**PROBLEM DETAILS**: Using the data that follows, give again word for word the lines between the one holding "THE LIGHT STORE" and the one holding "Abstract grunge texture", inclusive. Omit the pictures.

**THE DATA**:
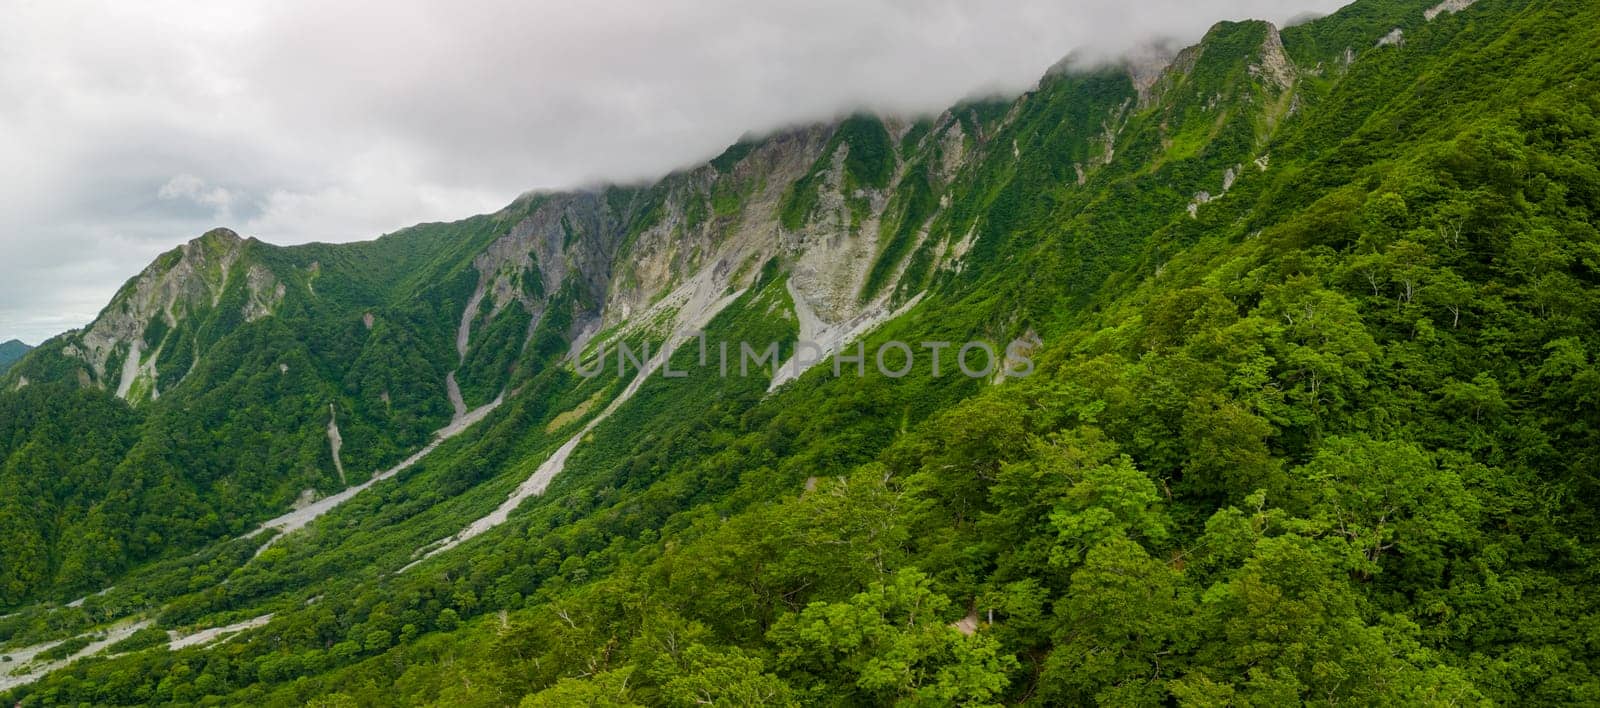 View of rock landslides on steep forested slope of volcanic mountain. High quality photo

* * *

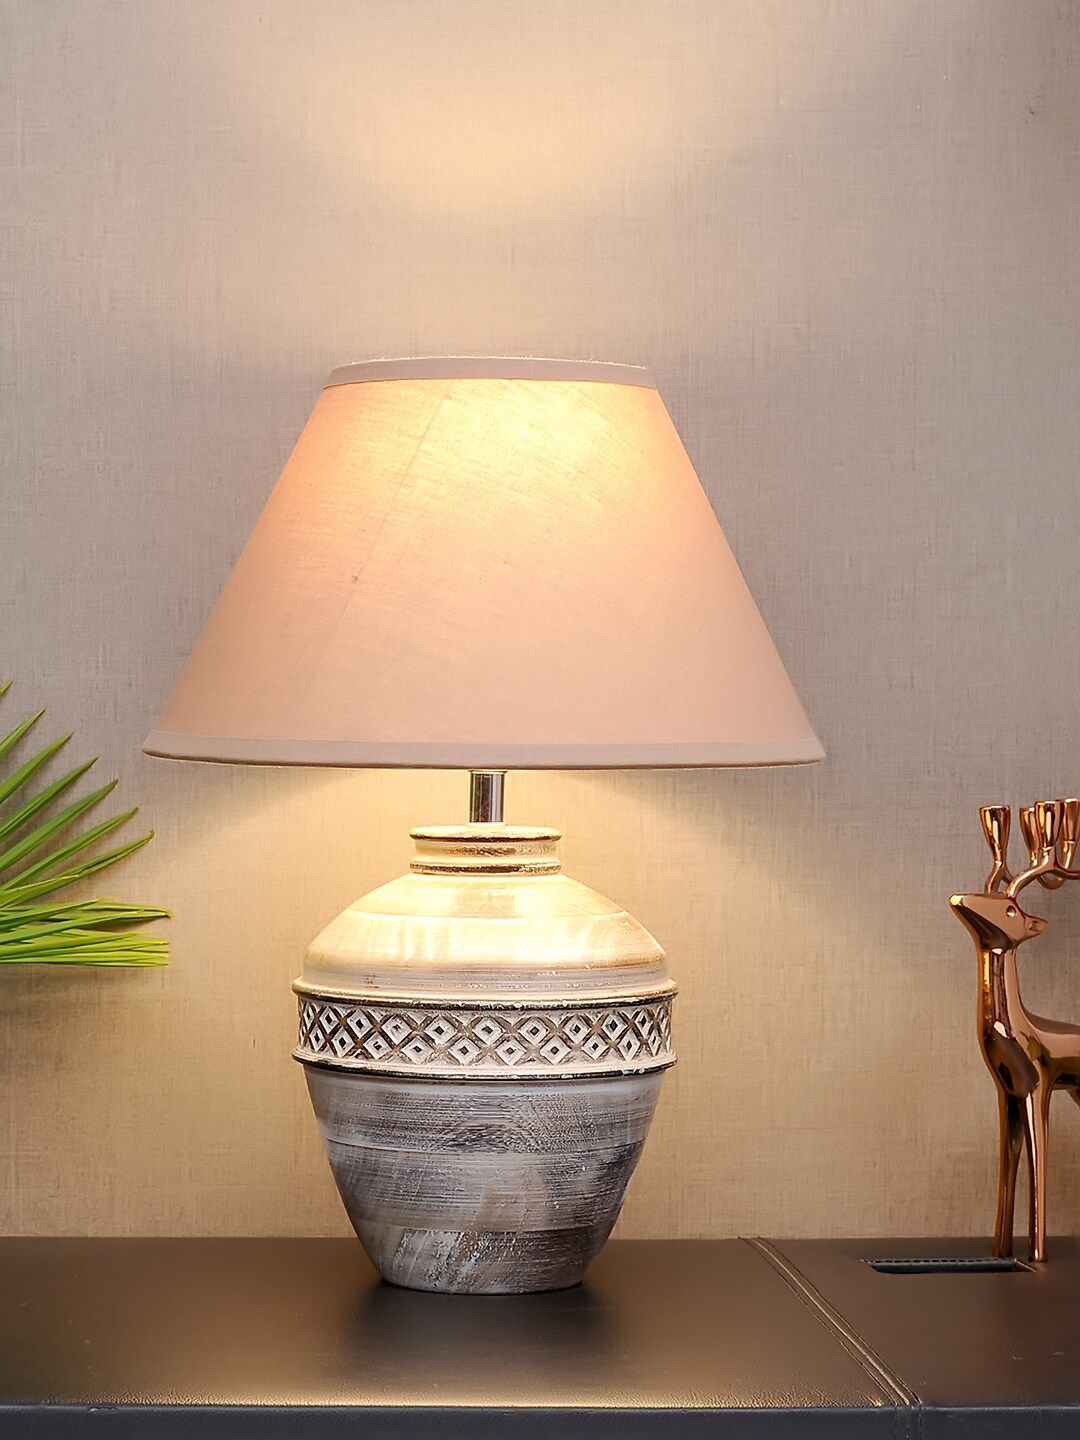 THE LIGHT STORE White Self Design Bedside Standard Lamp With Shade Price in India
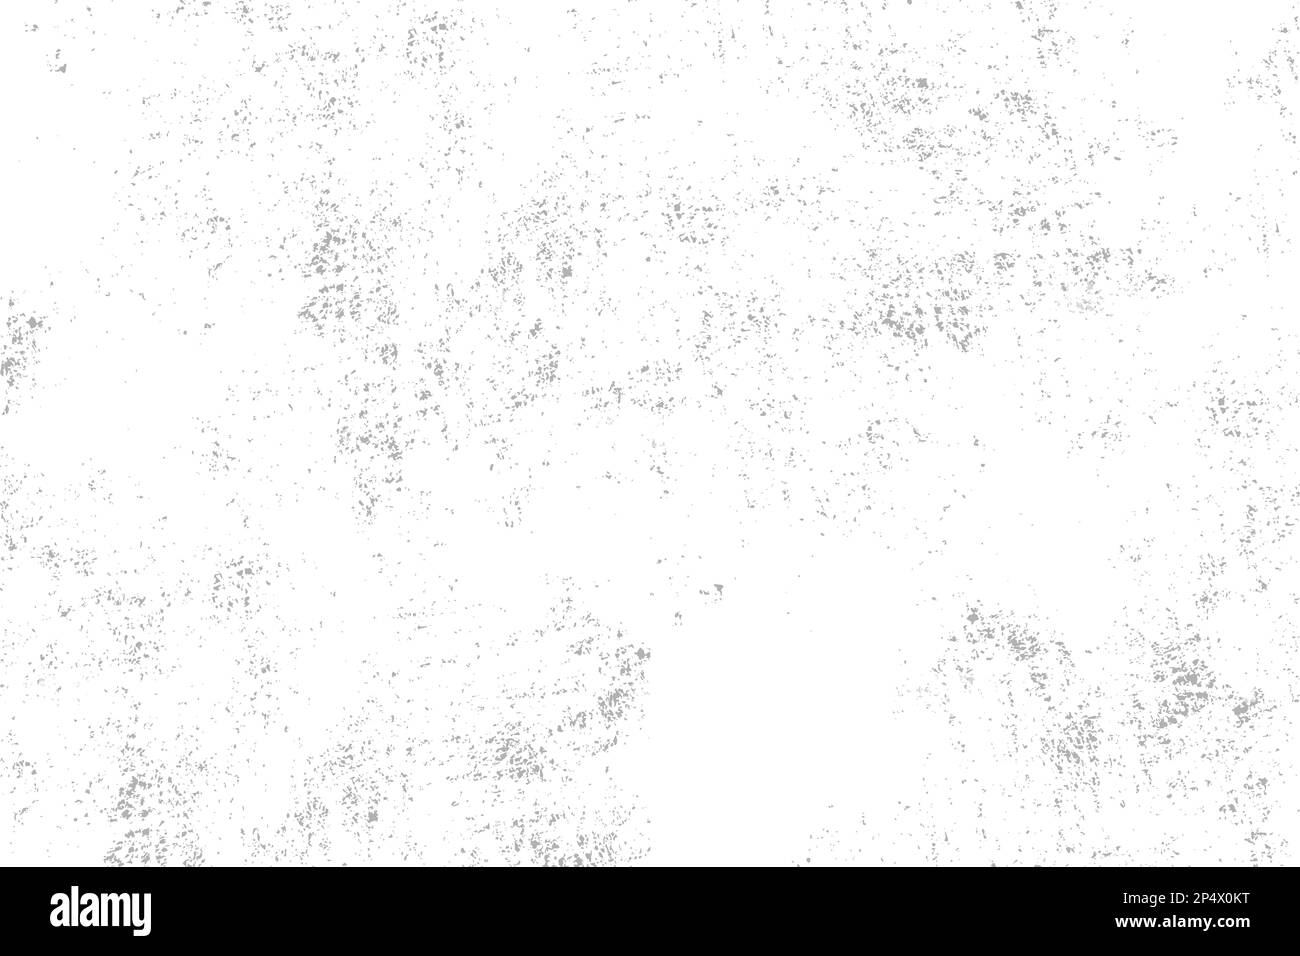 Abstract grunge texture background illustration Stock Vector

---

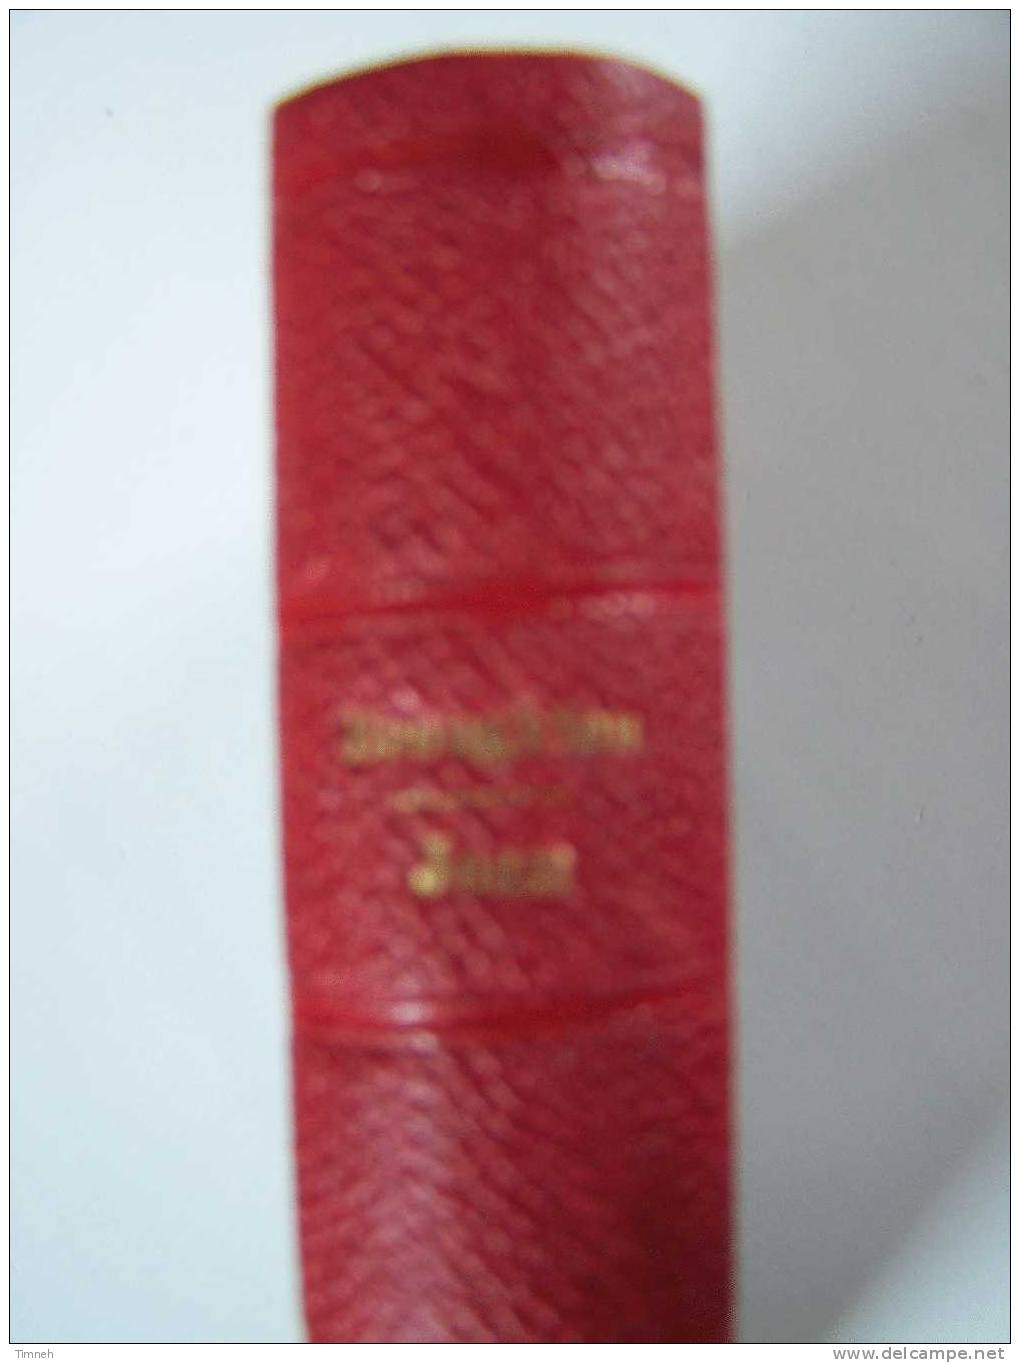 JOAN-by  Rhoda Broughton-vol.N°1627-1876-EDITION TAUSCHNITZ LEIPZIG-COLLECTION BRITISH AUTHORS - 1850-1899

**ANSWER TO THIS PROBLEM**:
 THE LIGHT STORE White Self Design Bedside Standard Lamp With Shade Price in India
 Abstract grunge texture background illustration Stock Vector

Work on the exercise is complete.